# Material to process
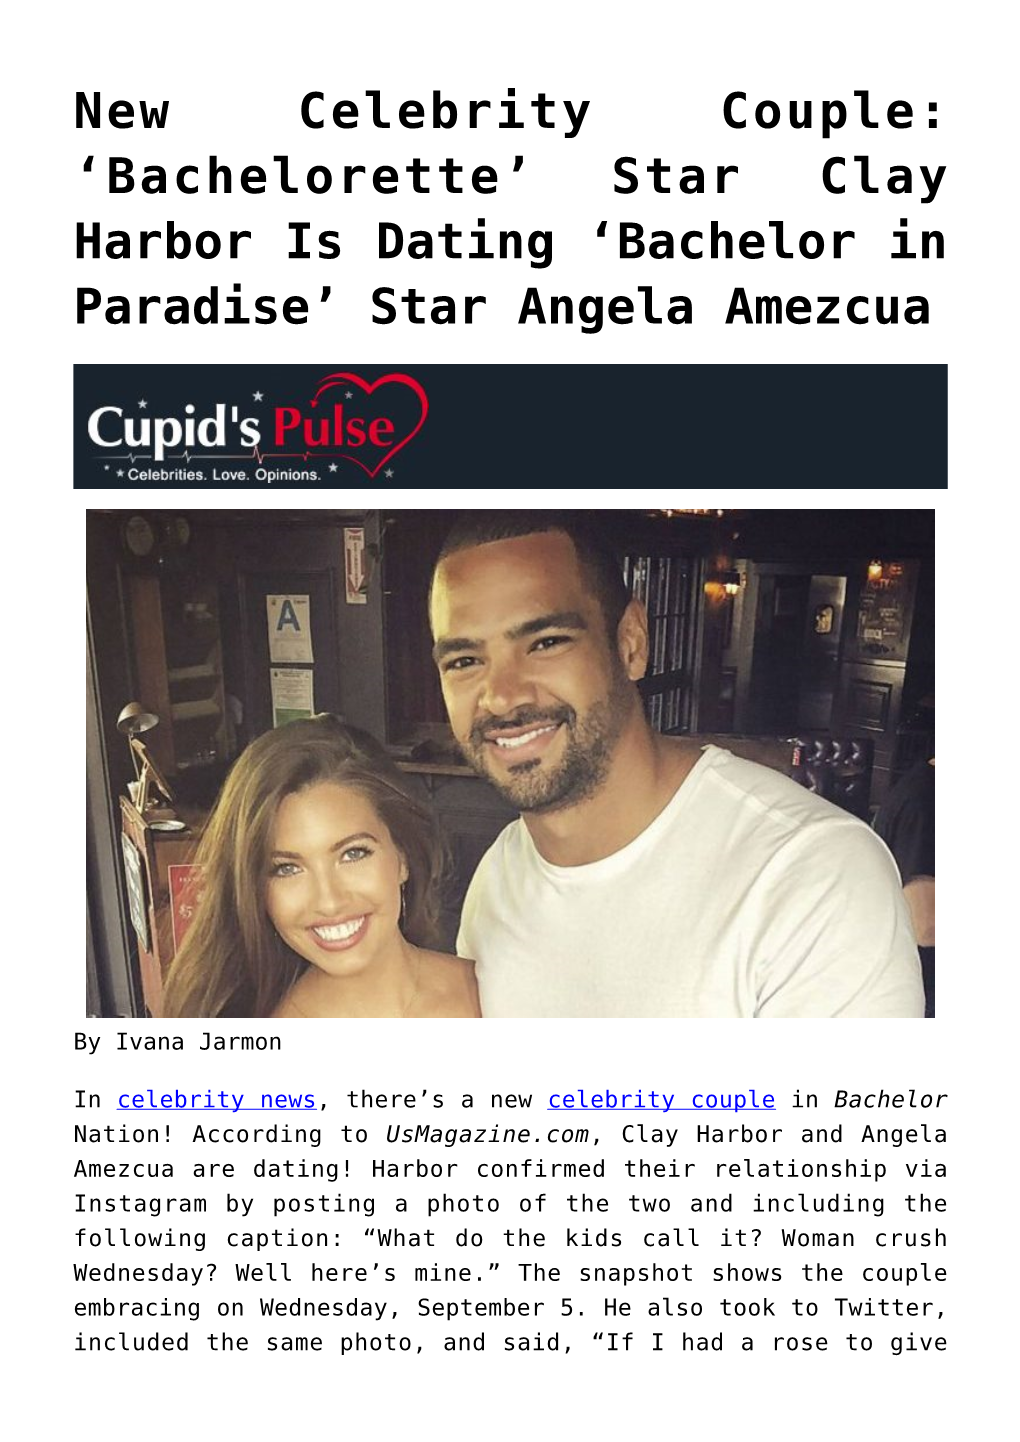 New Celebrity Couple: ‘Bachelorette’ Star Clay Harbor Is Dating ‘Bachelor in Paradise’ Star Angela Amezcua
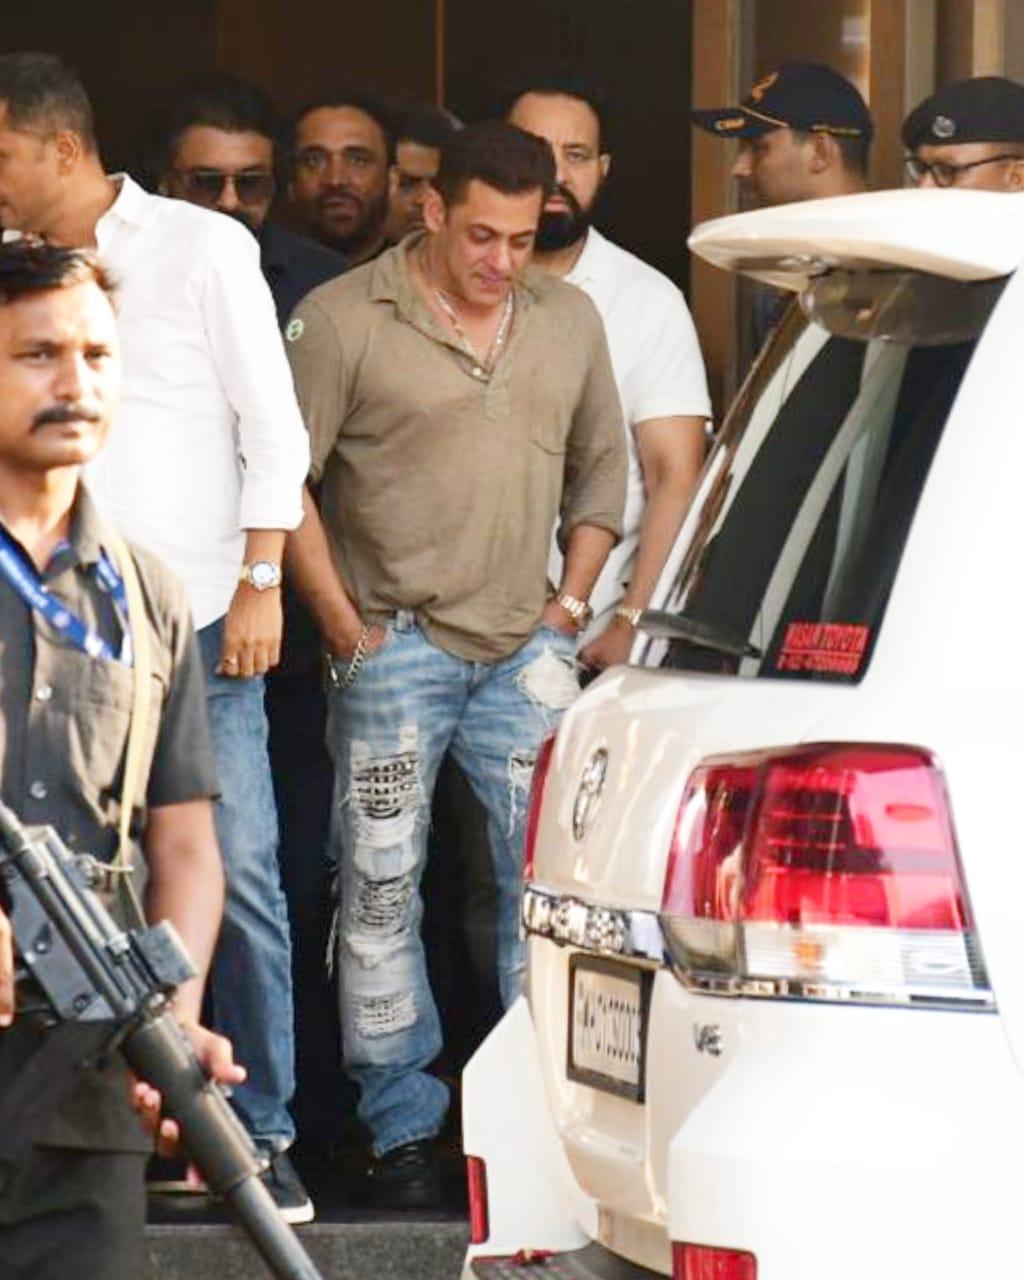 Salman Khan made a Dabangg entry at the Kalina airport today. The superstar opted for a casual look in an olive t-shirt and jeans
--
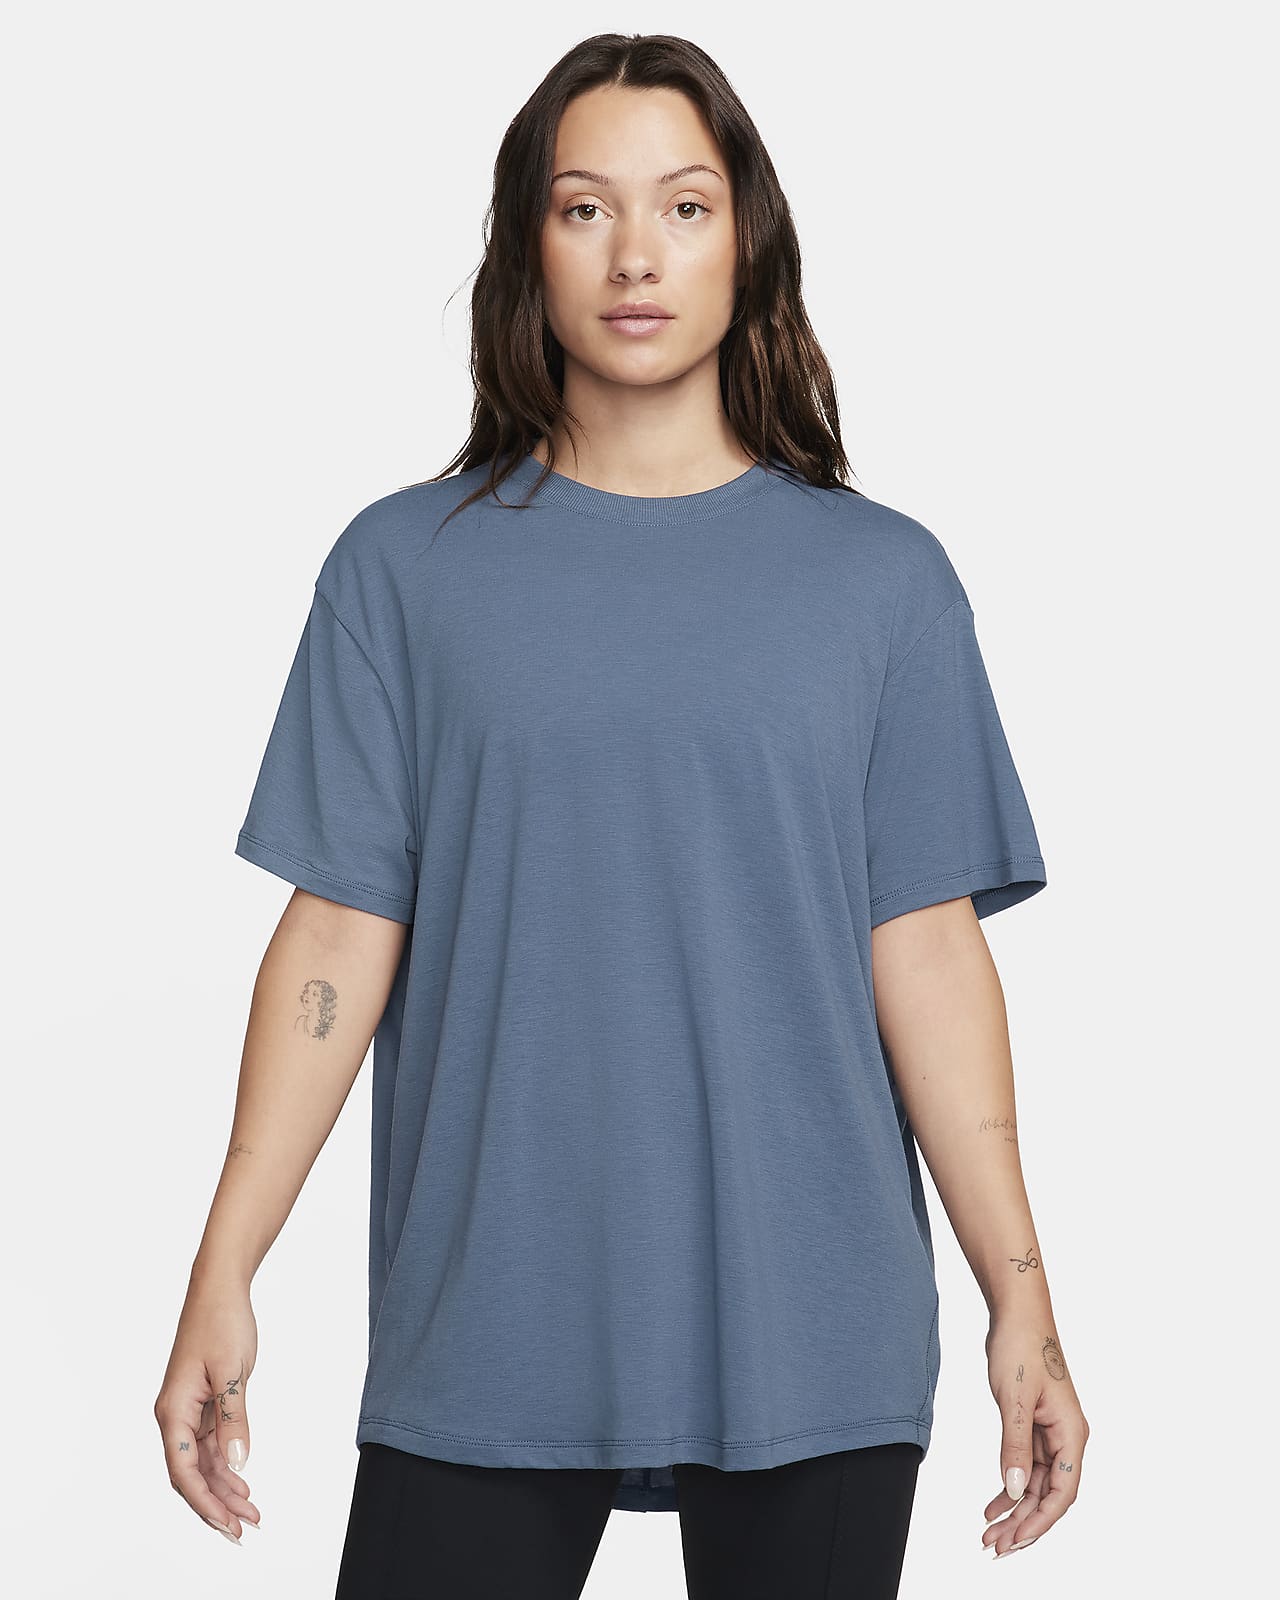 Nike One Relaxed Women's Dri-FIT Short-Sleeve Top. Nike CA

# Task brief
Within the listing above, copy exactly the lines that start at the one with "New Celebrity Couple: ‘Bachelorette’" and continue through the one with "Salman Khan made". Omit pictures.

# Task response
 New Celebrity Couple: ‘Bachelorette’ Star Clay Harbor Is Dating ‘Bachelor in Paradise’ Star Angela Amezcua
 Salman Khan made a Dabangg entry at the Kalina airport today. The superstar opted for a casual look in an olive t-shirt and jeans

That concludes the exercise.